Last quarter, Sprint announced its wireless revenues were down 4% year-over-year. Even more telling was its announcement that it had lost 60,000 customers — churn, or the rate at which customers defect to other carriers, is an important metric for the wireless industry, where mobile operators are in fierce competition to not only acquire but retain new customers.
But Sprint has other problems too: It is struggling to integrate its two networks and technologies following a 2005 merger with Nextel, and is facing a lot of criticism — including from shareholders — for its decision to pour $5 billion into a next-generation wireless network called Wimax.
“Long term the Wi-Max investment could be interesting,” says Bear Stearns analyst Phil Cusick. “But for a company with this many other problems it’s been a distraction, and that’s something the company can’t afford right now.”
But Cusick says Sprint’s most difficult challenge is figuring out what its identity is — it is trying to be too many things to too many people and, unlike rivals AT&T (T), Verizon Wireless (VZ) and T-Mobile, lacks a core customer base.
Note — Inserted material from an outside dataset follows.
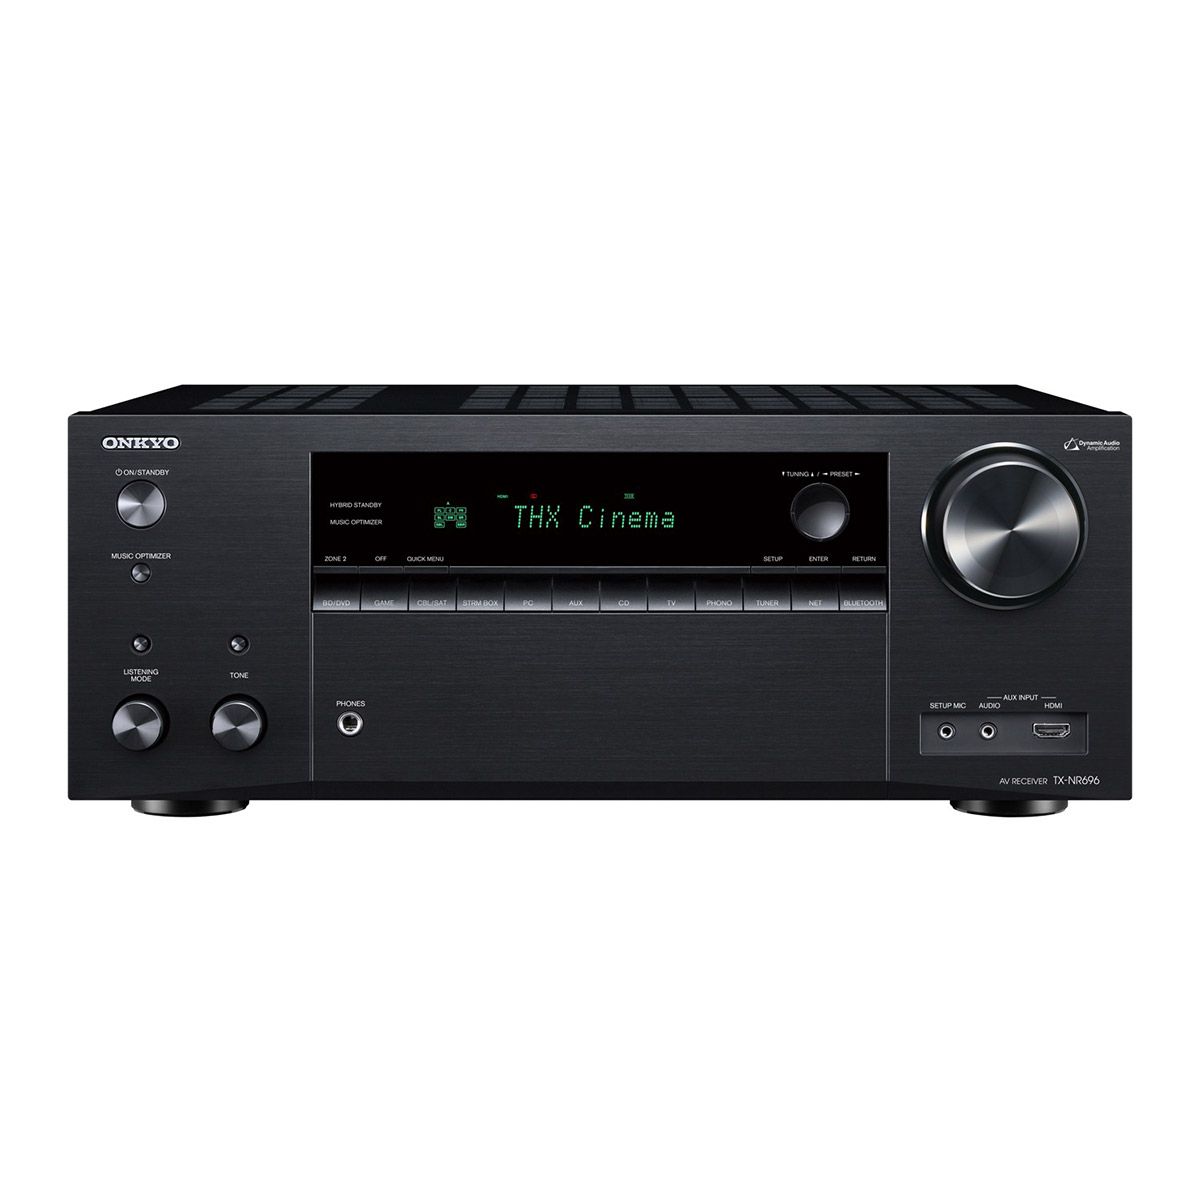 Onkyo TX-NR696 7.2 Channel Home Theater Receiver

On top of that, its customer service is notoriously known as one of the worst in the industry.
When he took office last December, Hesse promised shareholders he would “review every aspect of our strategy as we intend to lead Sprint to the forefront of the wireless industry.” But other than entering some kind of WiMax partnership (possibly with Craig McCaw’s Clearwire), there are few drastic changes Hesse can make to turn the company around at this point.
Still, shareholders seem to have faith in Hesse, at least for the moment.
“I am encouraged by the company’s new CEO, Dan Hesse,” activist investor Ralph Whitworth, who recently earned a seat on the company’s board, said in a statement last month. “Dan has committed to review all aspects of the company’s business and shown a willingness to make tough decisions.”
But Whitworth, a longtime opponent of the company’s WiMax efforts, also said that “a turnaround at Sprint Nextel won’t be easy” even though he believes “the ingredients are in place to get the job done for the company’s shareholders.”